I contributed (for salary as a director of a small, now defunct, Canadian family company) to RRQ from the first days it was established. Canada has a different means of benefiting the low-paid and the poor: it offers needs-based Old Age Assistance but that has residence requirements. I was a border worker and though I had residence in both NYS and Quebec (and two driver licences, etc. etc.) I wouldn't qualify for that. Since I worked for the USG the issue of double taxation didn't arise. An acquaintance who was a US Customs inspector lived with his Canadian wife in Quebec, more or less tax free except for the IRS and maybe NYS and VT, at least until retirement. Drifting off the subject a bit, NYS does not tax federal pensions because it doesn't tax its own state pensions and the (Supreme, I think) Court said it couldn't discriminate. States do not sign on to federal tax treaties but their taxes and their pensions and salaries count as US Government ones for most foreign (but not all Canadian province) tax systems, some of which have reciprocal arrangements for tax credits with bordering states.

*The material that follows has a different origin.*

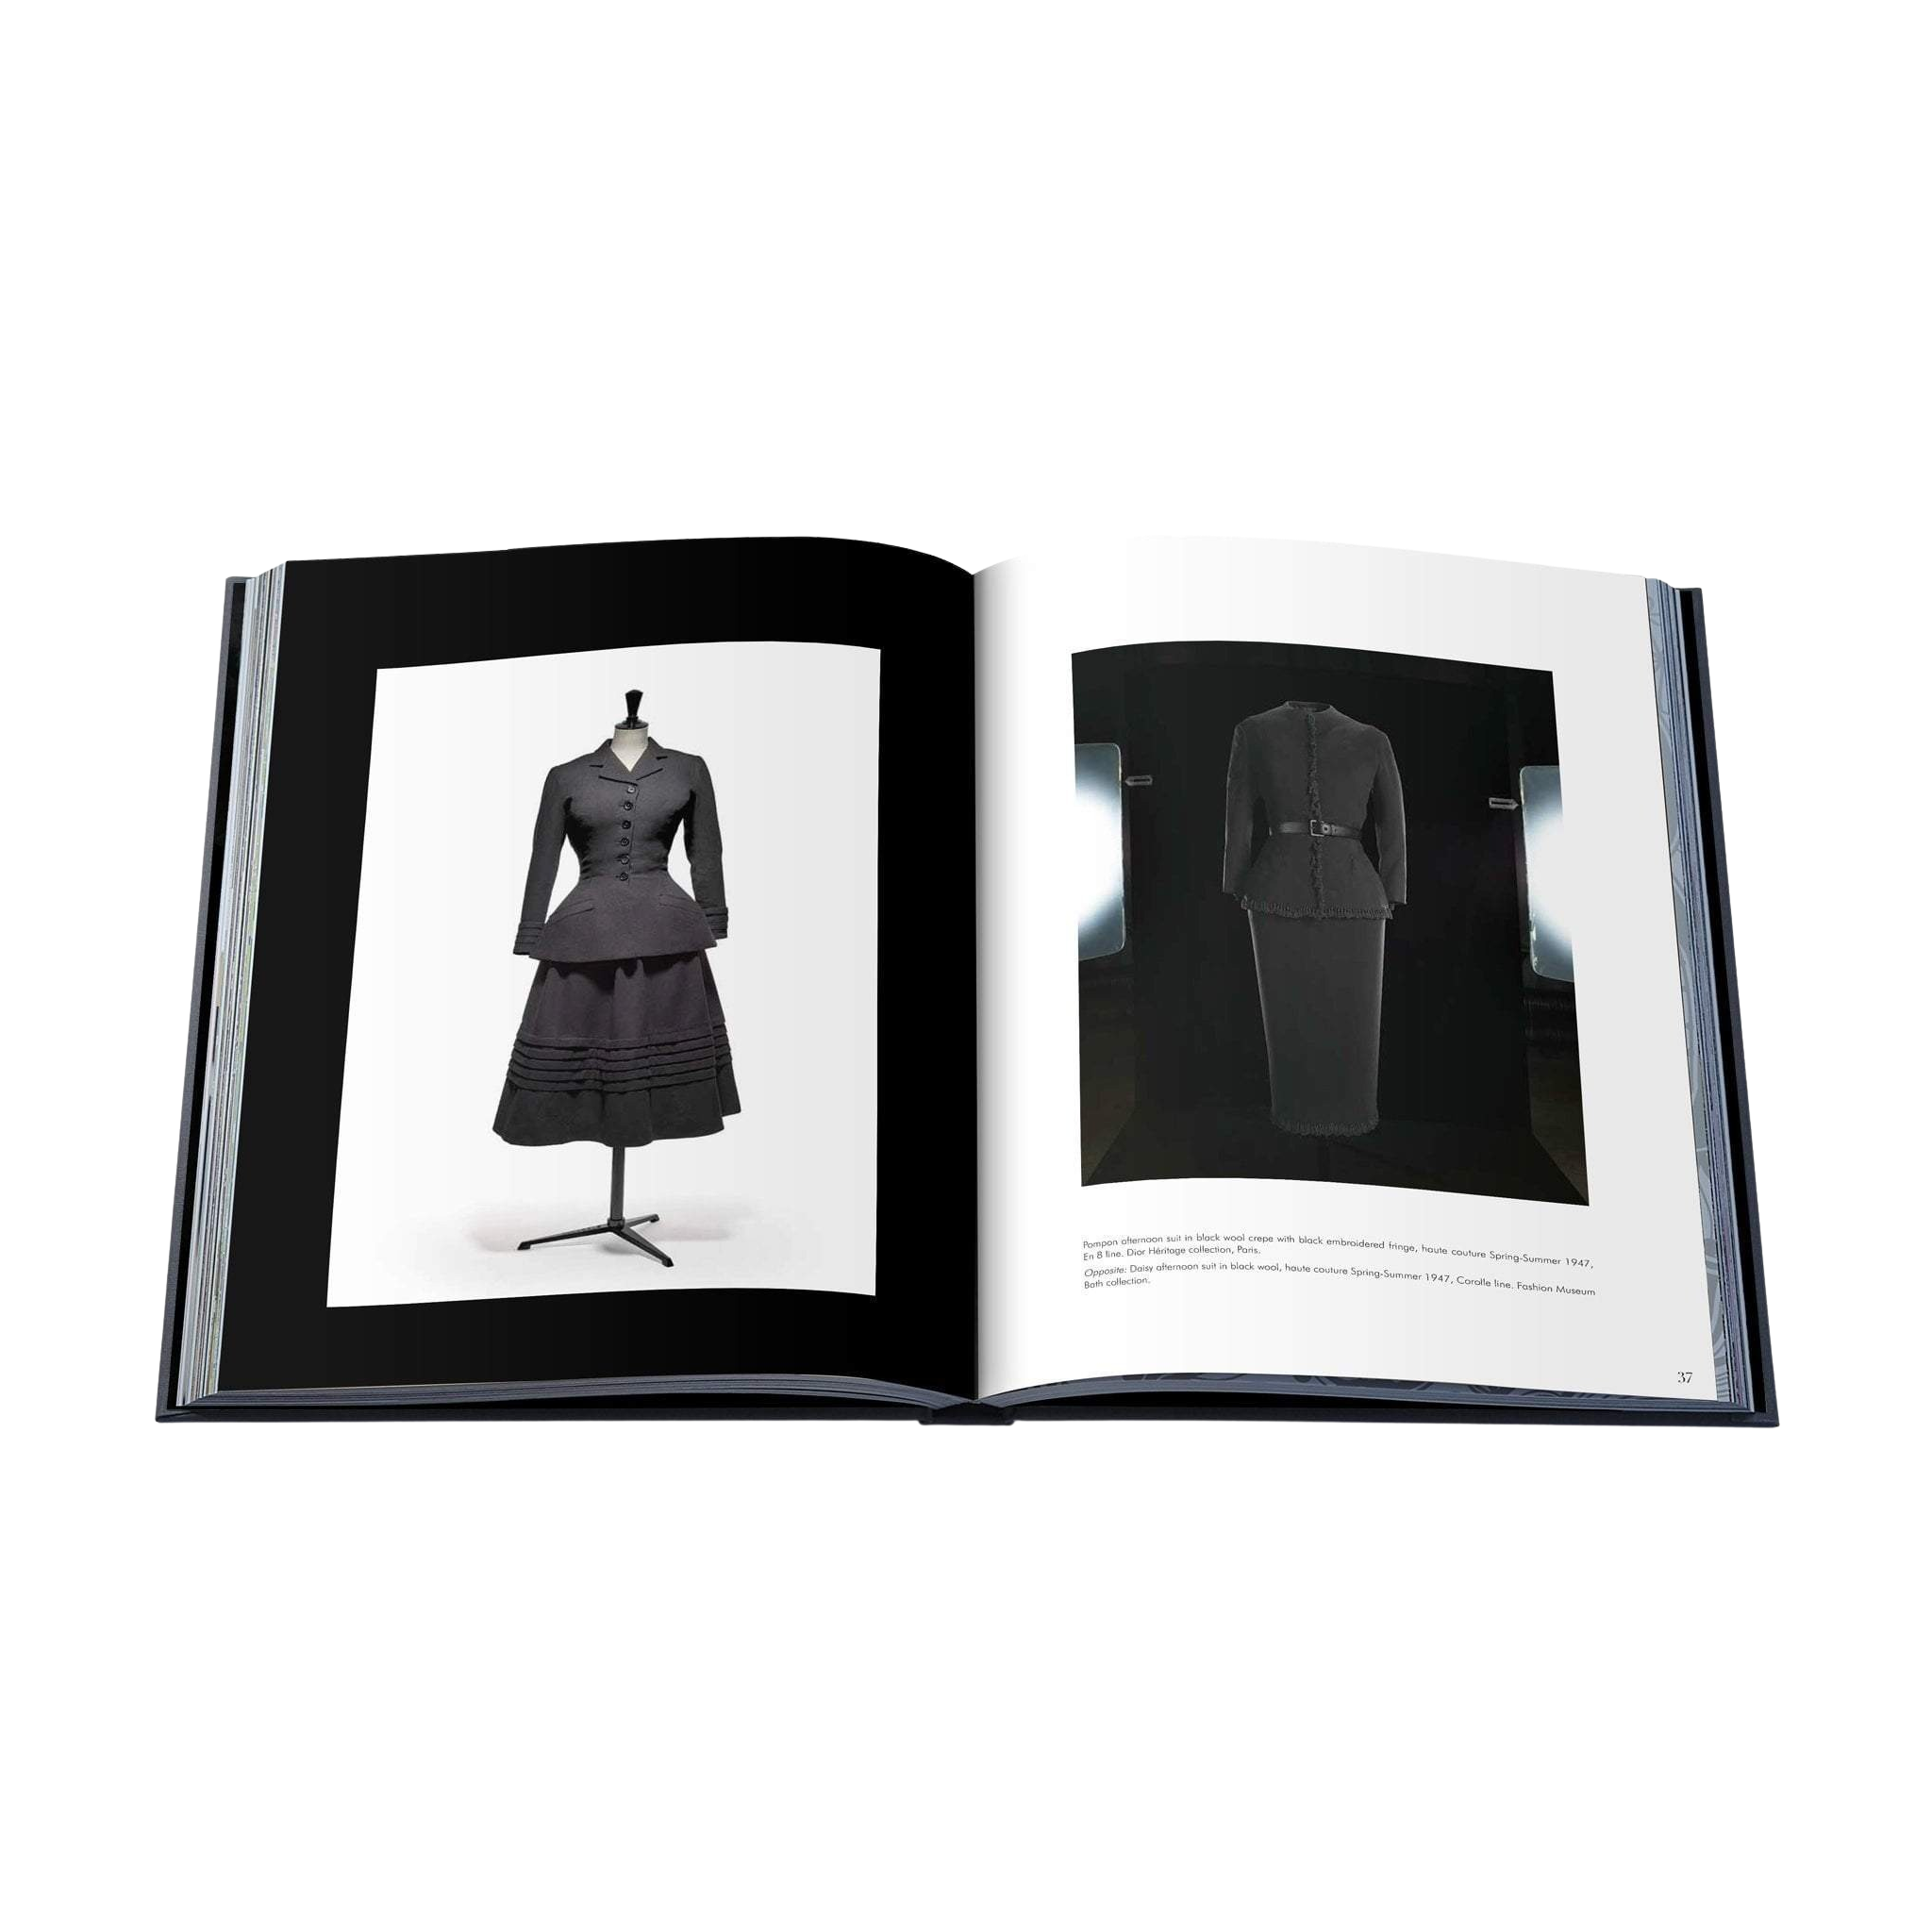 Dior in Bloom  Thames  Hudson  Coffee Table Book at The Nowhere Nation

There is some concern that Boris Johnson might revoke all or part of the social security totalisation agreements with EEA countries. He can't revoke the USA one. It happens I was present for the early pre-negotiations for that in the 1970s and any country that does not give equal treatment to American residents gets zero social security pension for theirs, so it's a real "chantage". If only Canada, NZ, Australia and other places where Brits tend to retire to stood ground on that. But no, and British retirees don't get COLAs if they live in a country without a totalisation agreement guaranteeing equal treatment. As with FATCA, most of the world tends to fold when the USG makes some financial or tax demand.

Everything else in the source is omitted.